Who’s in charge?: Santos is still in charge and the MPLA’s grip on the country has tightened. The 2008 elections were a landslide, albeit possibly not a fair one. On a (possibly inflated) 87% turnout the MPLA won 191 of the 220 seats. UNITA won 16 and the FNLA 3. Two new, post civil-war, parties also won seats: a coalition of pro democracy groups the Pro-Democracy Electoral Union won 2 seats and the centre-left federalists Social Renewal Party won 8, The SRP have worked in coalition with the MPLA in the past. There is a good guide to Angolan parties here.

What does it look like?: There are three main parts to Angola: a flat, dry, scrub-covered coastal lowland, a range on low hills, and then, behind the hills, a rolling plateau of scrubland where most of the people live. Angola has some of the richest mineral deposits in the world but most Angolans are subsistence farmers. Cabinda is covered in dense jungle. Here is one of the prettier bits:

Angola

What are the issues?: Angola is one of the poorest countries in the world, even compared with other African countries it does not compare well and has been known to come bottom of various wealth, equality and quality of life indicators. Food and development are the main priorities.

A good source of impartial information is: The government controlled all media until very recently. There are now a few private newspapers and one private TV station but they report issues gathering information from state sources.
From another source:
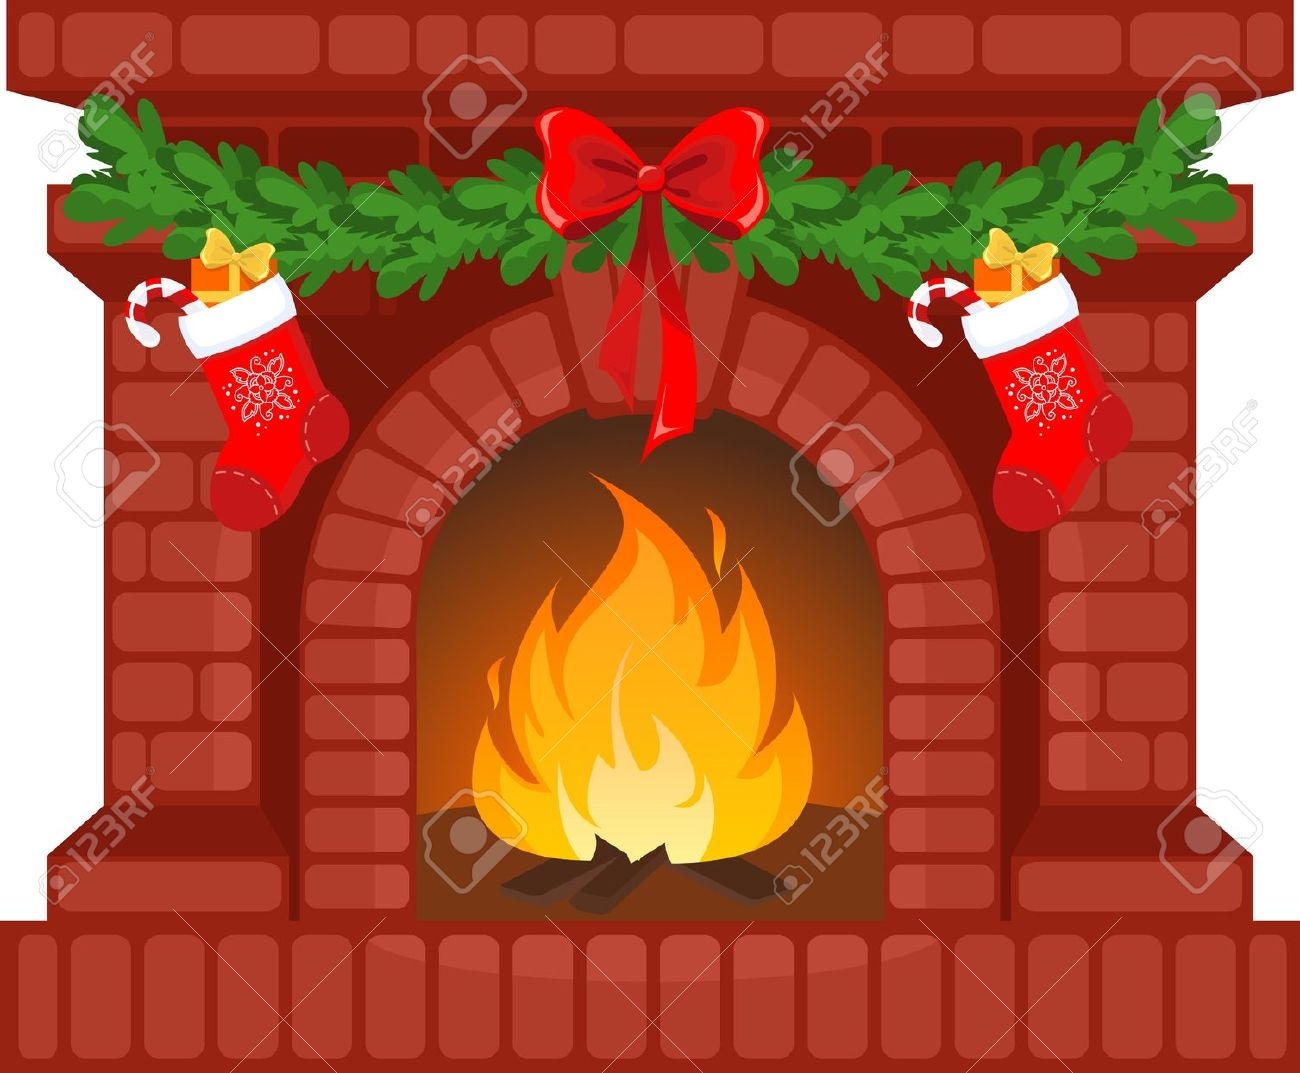 1d53b84b6314e59cf8c3f246f6004 - Christmas Fireplace Clipart

Angolense has a web presence in Portuguese.

A good book is: There are a fair few books available: Angola: Struggle for Peace and Reconstruction (Nations of the Modern World: Africa)looks to be the best.

When are the next elections?: Presidential elections are overdue but may now never happen given the potential changes to Angola’s constitution. Local elections are due in 2010 but will probably be late. Elections to the assembly are due in 2013.